At first each change to a pull request would create a new coverage comment which got messy pretty quickly but Peter had a nice example of combining his find-comment and create-or-update-comment actions so that you could create an initial comment for the test coverage and keep overwriting that same comment after that with new test coverage results as new commits were pushed to the PR.

The last gotcha I ran into with using the create-or-update-comment action was the default job permissions aren't adequate for jobs to change the pull request itself so you need to explicitly set the job permissions like this:

jobs:
  my_job_name:
    runs-on: ubuntu-latest
    permissions:
      contents: read
      pull-requests: write

Adding multi-Python version coverage report

I initially had multiple Python versions running and I just triggered test coverage for one of the Python versions as a separate step. This was unsatisfactory though as there was conditional importing happening in my package, e.g. toml parsing was added to the standard library in later versions of Python but earlier versions required you to import a separate package, e.g.

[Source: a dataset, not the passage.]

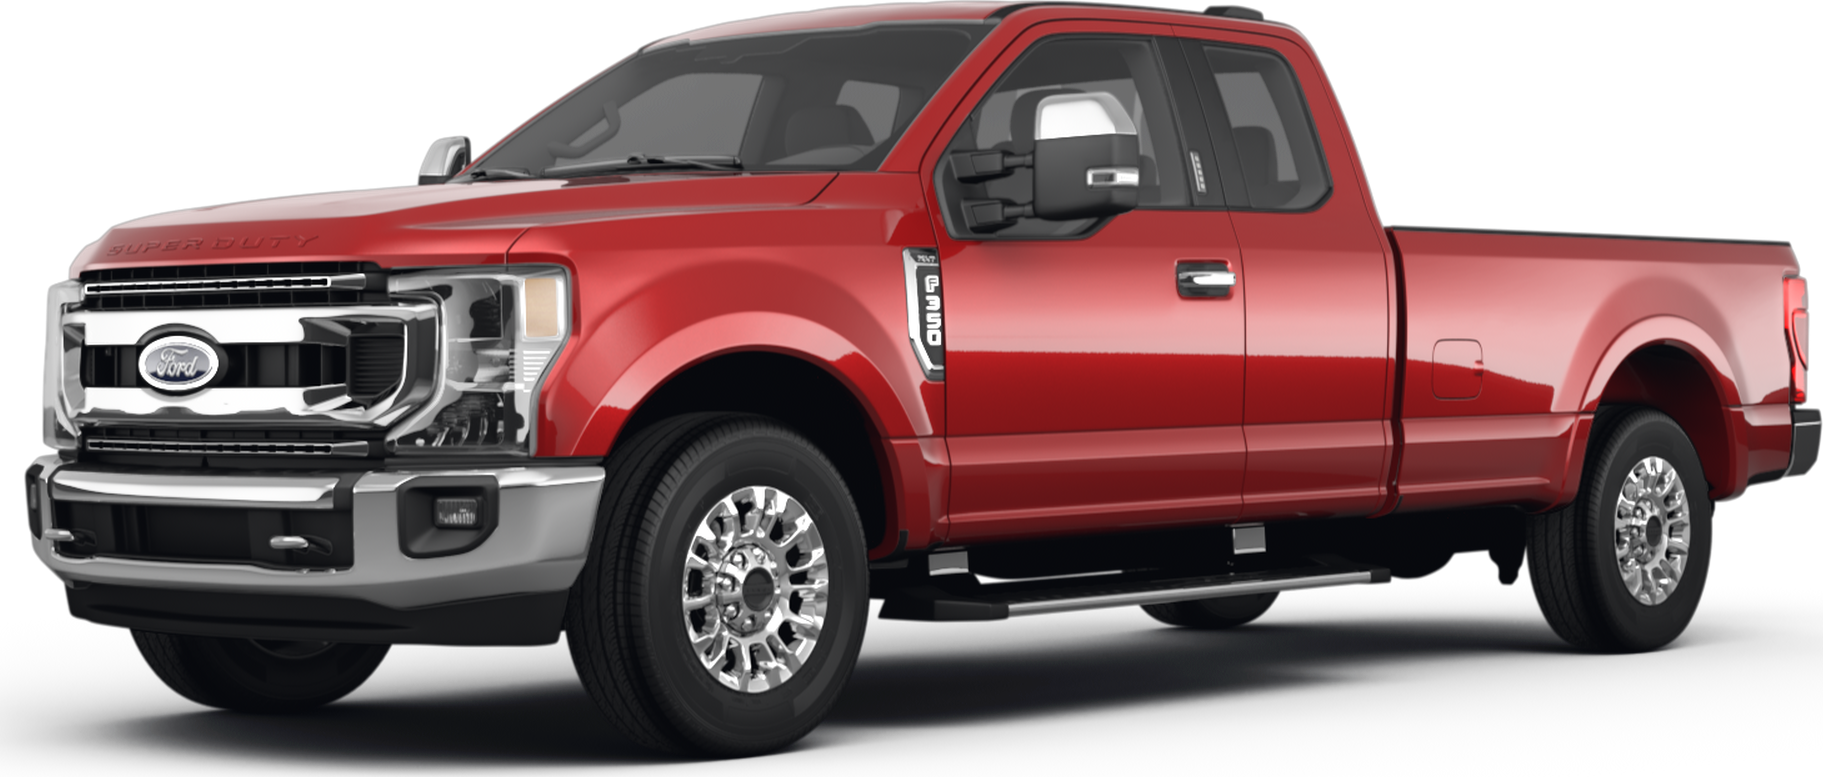 2022 Ford F350 Super Duty Super Cab Price Value Ratings And Reviews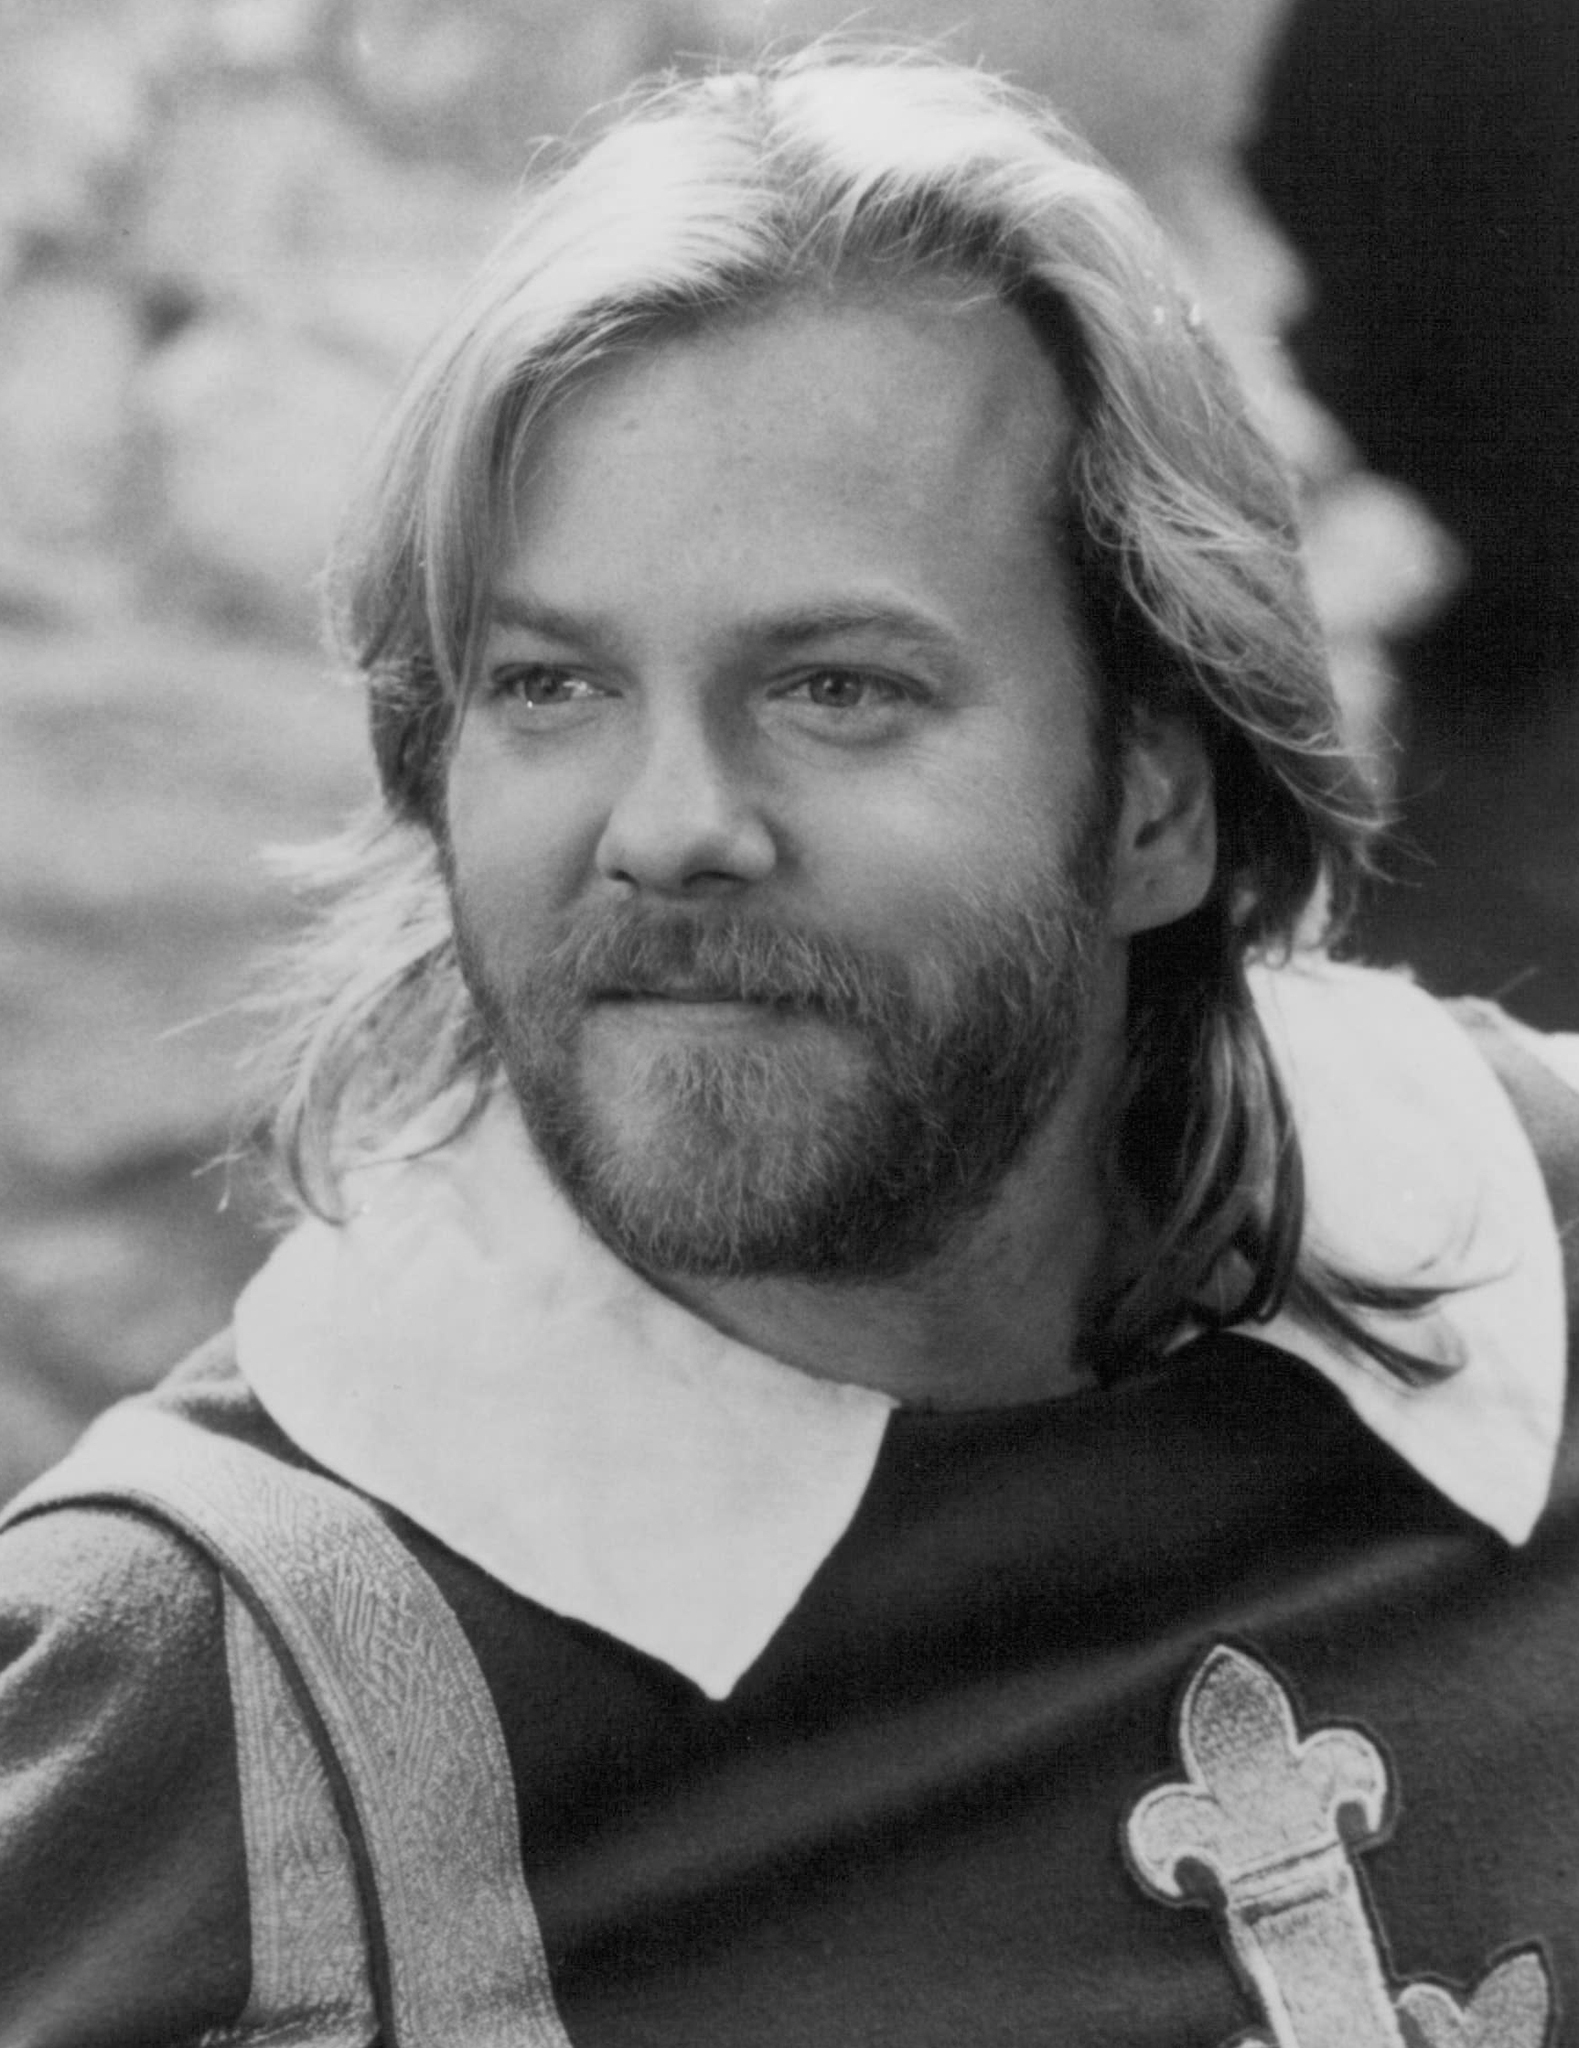 Still of Kiefer Sutherland in The Three Musketeers (1993)

if sys.version_info >= (3, 11):
    import tomllib as toml
else:
    import tomli as toml

and it was disappointing running coverage for just one Python version would always omit one of these import lines. I learnt Coverage.py CLI has a combine command so you can run coverage for different environments and combine the results into a single coverage result.

I had some initial misunderstandings around the combine command as I thought it might combine one of the output files from running coverage, but it actually wants to combine the .coverage SQLLite db that coverage produces when running. Another gotcha that I ran into was when running coverage with an intent to combine results the coverage docs mention using the:

--parallel-mode

option or configuration to name the .coverage to include extra details to ensure each .coverage file is named uniquely and I tried to follow that advice. I had an issue since I was using the pytest-cov package to integrate pytest with coverage to run the tests with coverage, and pytest-cov appears to set the parallel option for its own purposes so my attempts at enabling parallel mode never seemed to change the name of the .coverage output db.

One possible solution would be to get coverage to run pytest without using pytest-cov ( although if you use the coverage feature in recent versions of the VSCode Python extension that depends on pytest-cov so you may want to keep that dependency even if you don't use it in CI).

In the end though it wasn't an issue because each test matrix instance runs in its own VM so you don't need to worry about .coverage files overwriting each other - as long as you use the upload-artifact action to upload them with different names there's no issue.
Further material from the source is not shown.